Once I noticed it, I found it in various forms in the material of a number of patients. I was to meet it again clinically under the title ‘another place’, signifying a space that could be imagined or imaginatively created by a work of art but never physically entered. If this imaginative space, as in the visual arts or the theatre, is made to appear coincident with actual physical space it lends to that space of actuality the properties of the ‘other room’ in which phantasised events take place—but only while the participating observer allows the artist to enter his own ‘other room’ of imagination and refurnish it. It requires on the part of the audience that willing suspension of disbelief described by Coleridge (Shawcross 1968, vol. II: 6).
When we place our phantasies about events in this psychic ‘other room’
we know we are imagining something. It is the space for fiction. When we misguidedly locate phantasies that properly belong in the ‘other room’ of our imagination in the actuality of perceptual space instead, we are having visions. This is a privilege normally reserved for our night dreams. In waking life such visions are hallucinations or are regarded as privileged supernatural visitations sanctioned by religious belief. If when we witness actual events that generate phantasies we fail to locate the phantasies aroused by events in the imagination and thus believe that we witnessed, not only events, but also our phantasies, then we are deluded. If we are prepared to accept that the proper place for these phantasies is the ‘other room’ we can use our imaginations.
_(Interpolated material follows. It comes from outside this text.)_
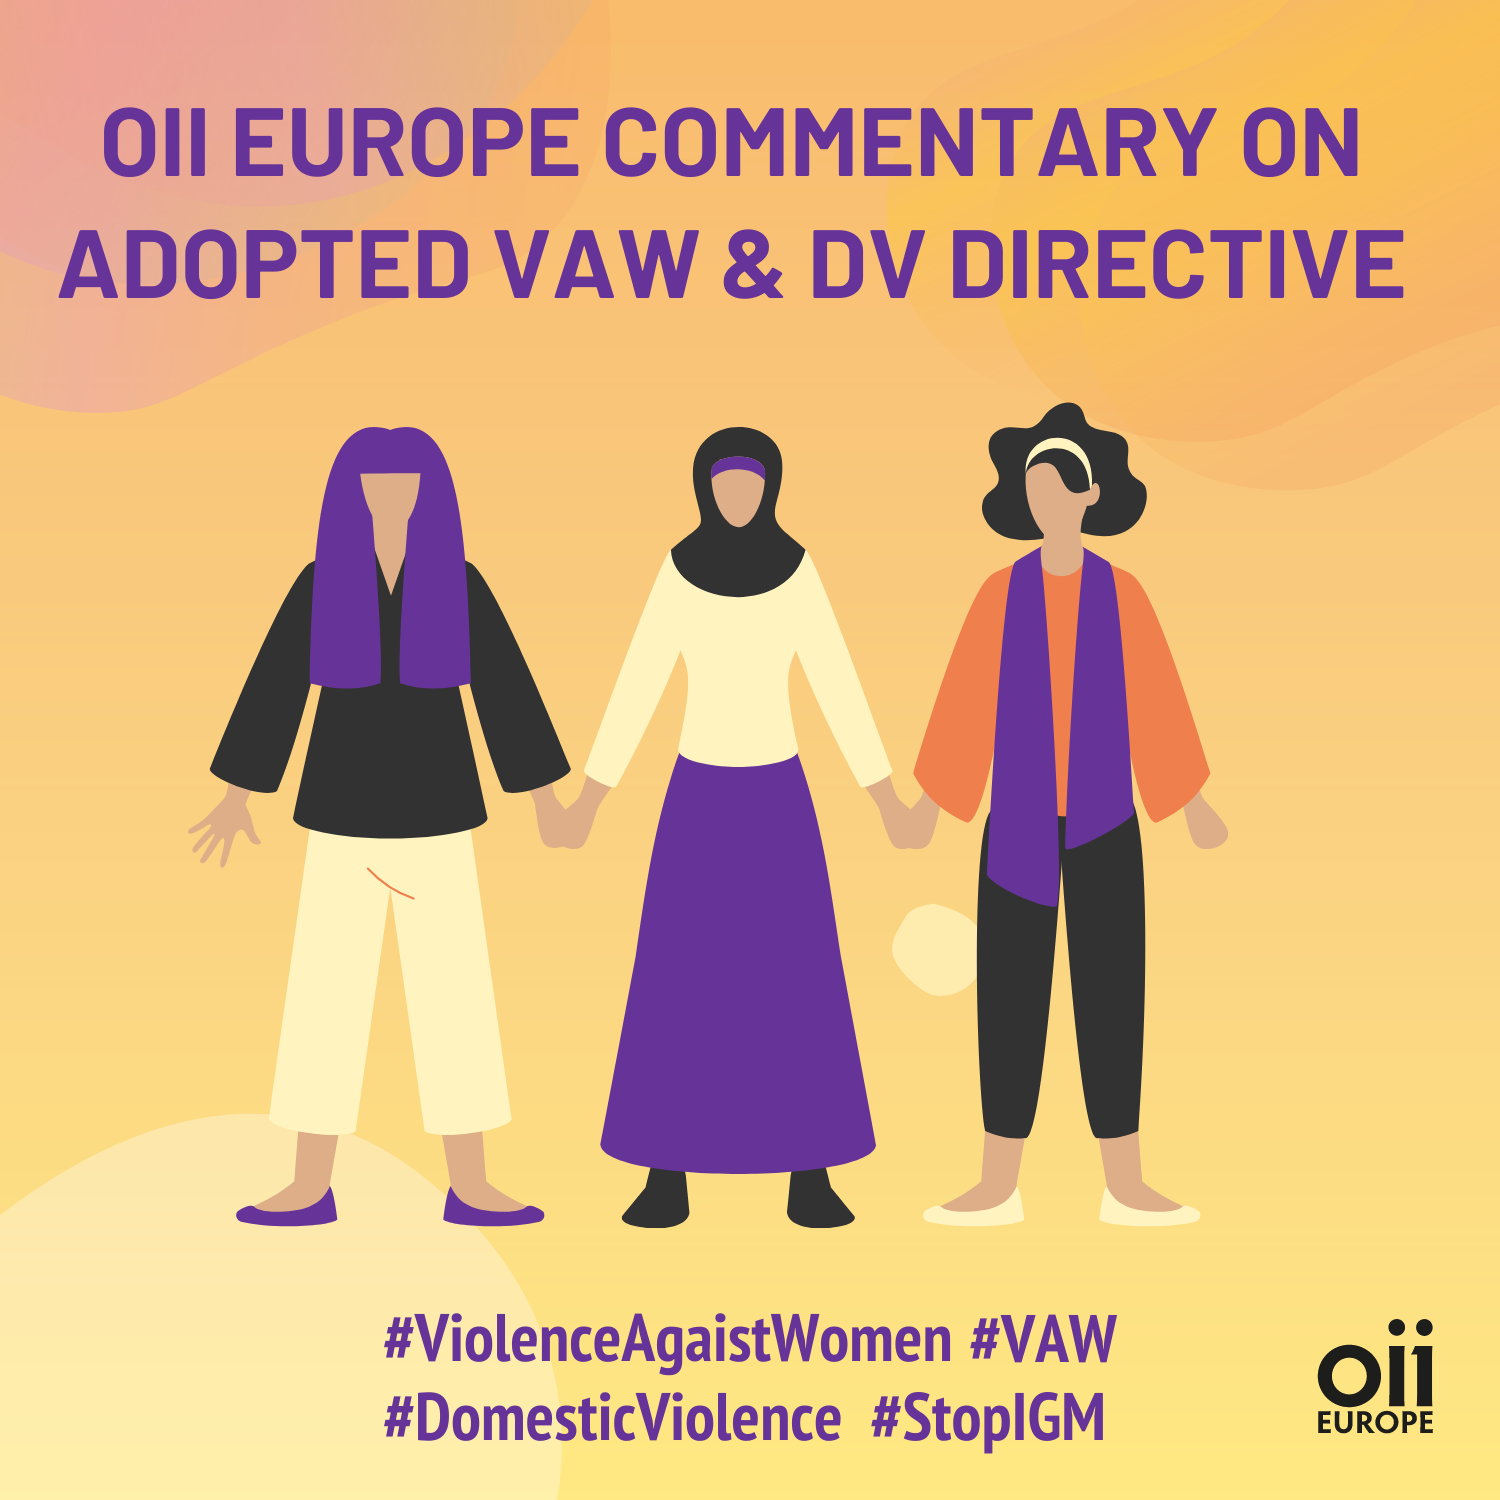 OII Europe commentary on adopted VAW & DV Directive

In his writings on ‘transitional phenomena’ Winnicott described a mental space as arising by the mutual consent of the two persons of the dyadic relationship of mother-infant; he conceived it as a sort of no-man’s land between subject and object, a neutral zone for illusion (Winnicott 1951:229–42). Where I differ from this is in seeing it as arising from within triadic triangular space. I said in Chapter 4 that I think triangular space originates when a position comes into existence from which one can be an observer of a relationship between two others. What I am suggesting in this chapter is that the ‘other room’ of the imagination comes into existence when this relationship is invisible. It is, in other words, the location of the unwitnessed primal scene. I think the quintessential primal scene is not observed but imagined, that it is the activity we believe takes place in our absence between our primary object and the other member of what we have come to call the Oedipal triangle. The invisible primal scene is populated only by our imagination; it is the space for fiction.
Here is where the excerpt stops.